Hearing set for Madera County killer hoping Prop 57 will set her free

FRESNO, Calif. (KFSN) -- Once a teenager found guilty of orchestrating the murder of a girl she viewed as a romantic rival, a Madera County woman is fighting to get out of prison under the new rules of Prop 57.

Eleven years ago, Brittany Navarra arranged the murder of Krista Rae Pike.

Four years ago, a judge sentenced her to life in prison without parole.

When a jury found Brittany Navarra guilty of murder, a dark cloud finally broke for her victim's family.

But Tuesday, the wind blew in a new storm.

Navarra was back in a Madera County courtroom, with a chance at freedom.

"The people obviously are arguing this defendant is not a fit subject for juvenile court," said Madera County district attorney Sally Moreno. "She should be transferred to adult court."

Even though Navarra is now 27, her case is officially in juvenile court.

RELATED: Prop 57 casts cloud over family of murdered Madera teen, killer could be released

Prop 57 changed the rules so prosecutors can't just file an adult case against a juvenile. They have to convince a judge.

"Did this take planning and preparation and consideration and is this the kind of crime that should be held accountable under adult standards?" Moreno said the judge will consider. "Or are these crimes that are committed typically by juveniles? Do they reflect the fact that someone didn't have adequate time to think about this? Is this an impulsive kind of a crime?"

It's called a fitness hearing or a transfer hearing and Navarra gets one because she was 16 at the time of the murder and hadn't exhausted her appeals by the time Prop 57 became law.

Navarra convinced 18-year-old Dustin Gran to kill Krista Rae Pike because Pike was engaged to a teenager Navarra wanted to date.

Moreno says the crime clearly took planning and coordination.

But if a judge disagrees, the case stays in juvenile court, and if it does Navarra gets out of prison because is 27 now and juveniles don't stay locked up past age 25.

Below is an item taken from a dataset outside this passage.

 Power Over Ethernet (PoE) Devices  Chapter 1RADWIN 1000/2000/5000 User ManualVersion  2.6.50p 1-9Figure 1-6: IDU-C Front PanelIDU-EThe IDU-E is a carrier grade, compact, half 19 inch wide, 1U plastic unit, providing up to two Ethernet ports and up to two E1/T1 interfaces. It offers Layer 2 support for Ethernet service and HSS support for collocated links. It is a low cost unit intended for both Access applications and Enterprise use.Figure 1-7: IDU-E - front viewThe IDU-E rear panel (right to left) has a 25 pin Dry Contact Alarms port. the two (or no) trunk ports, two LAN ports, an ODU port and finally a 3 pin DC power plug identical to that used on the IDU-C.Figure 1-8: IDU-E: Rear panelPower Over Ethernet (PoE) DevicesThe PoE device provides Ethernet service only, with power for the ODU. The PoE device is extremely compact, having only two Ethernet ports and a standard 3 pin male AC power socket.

"Everybody's passing laws thinking about defendants and criminals and it seems like nobody pauses to think about what happens to the victims in this case and many other cases where they thought this was done and they put this to bed and then 'no that's not the case'," Moreno said. "We're going to dredge it all up again and again."

The judge wouldn't allow our cameras in the courtroom Tuesday, but Navarra sat by her attorney in shackles and a blue-and-white polka dot prison jumpsuit.

She'll be back for another hearing next month. And then in July, attorneys will argue the case and the judge will make his decision.